Lynne Matallana, president of the National Fibromyalgia Association, a patients’ advocacy group that receives some of its financing from drug companies, said the new drugs would help people accept the existence of fibromyalgia. “The day that the F.D.A. approved a drug and we had a public service announcement, my pain became real to people,” Ms. Matallana said.

Ms. Matallana said she had suffered from fibromyalgia since 1993. At one point, the pain kept her bedridden for two years, she said. Today she still has pain, but a mix of drug and nondrug treatments — as well as support from her family and her desire to run the National Fibromyalgia Association — has enabled her to improve her health, she said. She declined to say whether she takes Lyrica.

“I just got to a point where I felt, I have pain but I’m going to have to figure out how to live with it,” she said. “I absolutely still have fibromyalgia.”

But doctors who are skeptical of fibromyalgia say vague complaints of chronic pain do not add up to a disease. No biological tests exist to diagnose fibromyalgia, and the condition cannot be linked to any environmental or biological causes.

The diagnosis of fibromyalgia itself worsens the condition by encouraging people to think of themselves as sick and catalog their pain, said Dr. Nortin Hadler, a rheumatologist and professor of medicine at the University of North Carolina who has written extensively about fibromyalgia.

“These people live under a cloud,” he said. “And the more they seem to be around the medical establishment, the sicker they get.”

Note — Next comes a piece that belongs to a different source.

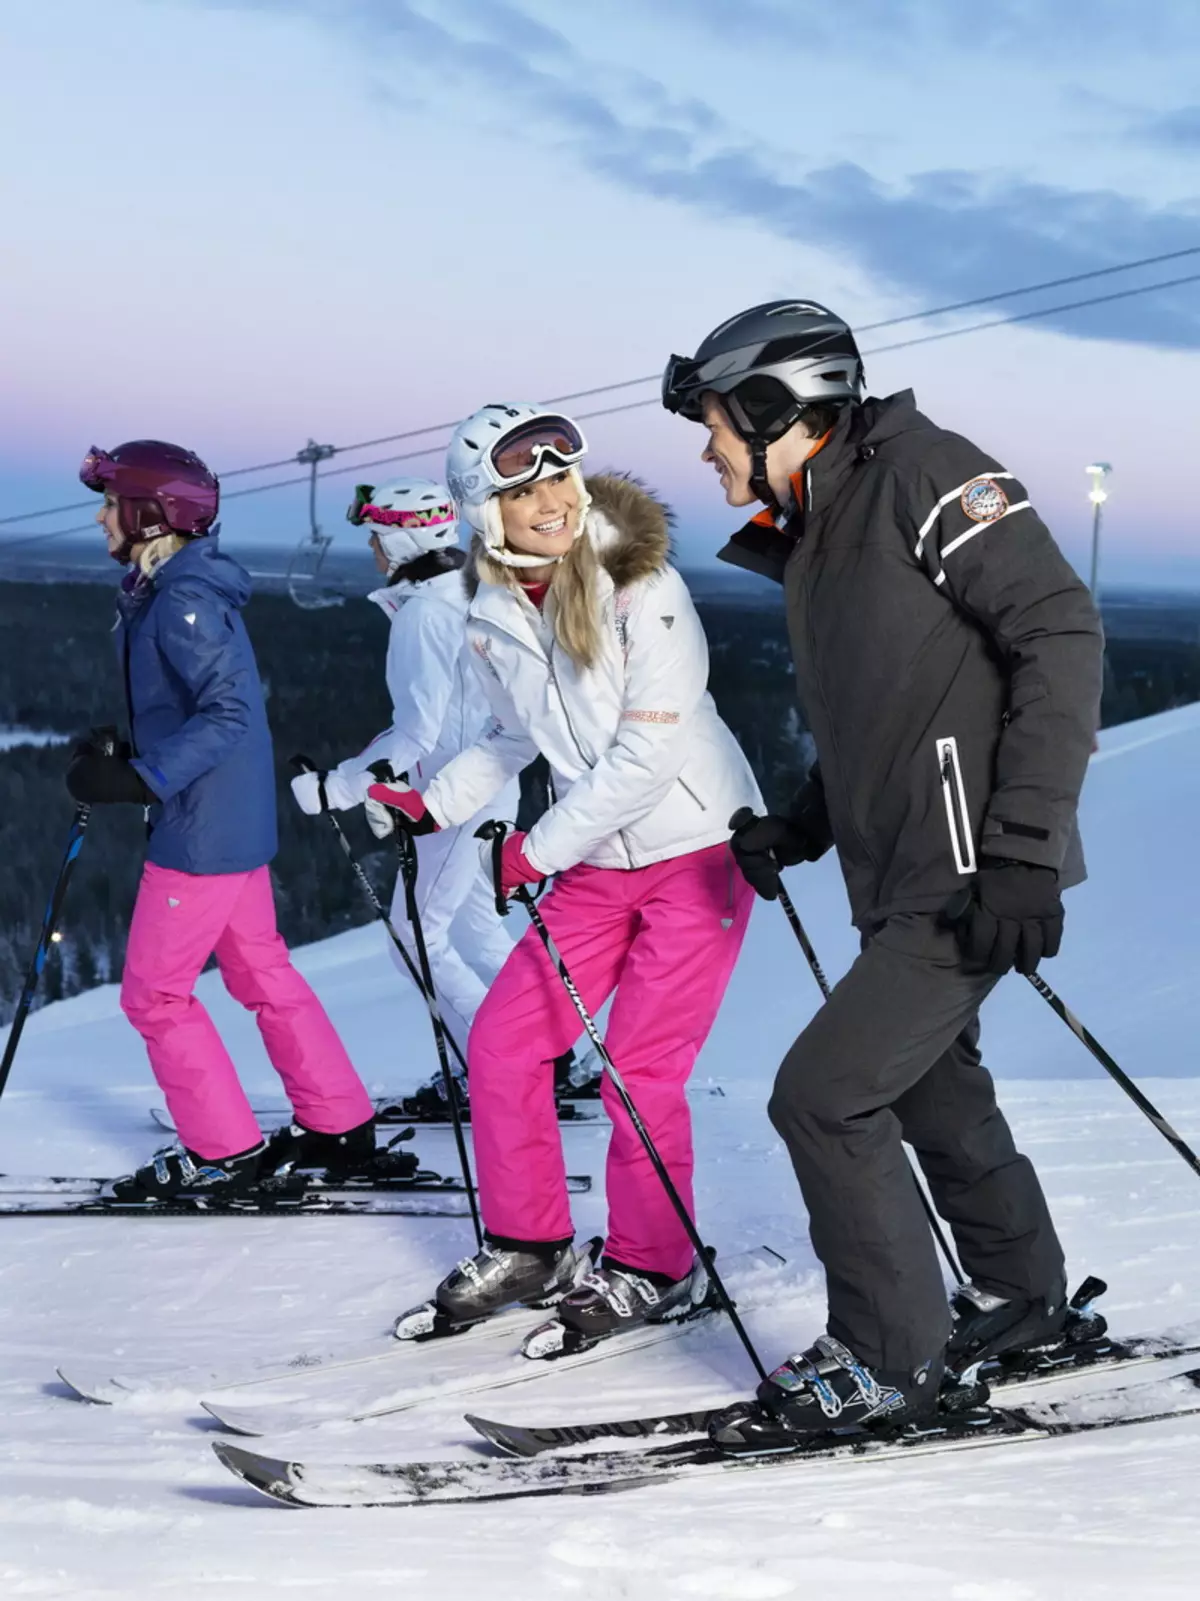 В чем ходят на горнолыжных курортах. Одежда для катания на горных лыжах. Катание на лыжах. Люди на горнолыжном курорте. Одежда для лыжного курорта.

Dr. Frederick Wolfe, the director of the National Databank for Rheumatic Diseases and the lead author of the 1990 paper that first defined the diagnostic guidelines for fibromyalgia, says he has become cynical and discouraged about the diagnosis. He now considers the condition a physical response to stress, depression, and economic and social anxiety.

“Some of us in those days thought that we had actually identified a disease, which this clearly is not,” Dr. Wolfe said. “To make people ill, to give them an illness, was the wrong thing.”

In general, fibromyalgia patients complain not just of chronic pain but of many other symptoms, Dr. Wolfe said. A survey of 2,500 fibromyalgia patients published in 2007 by the National Fibromyalgia Association indicated that 63 percent reported suffering from back pain, 40 percent from chronic fatigue syndrome, and 30 percent from ringing in the ears, among other conditions. Many also reported that fibromyalgia interfered with their daily lives, with activities like walking or climbing stairs.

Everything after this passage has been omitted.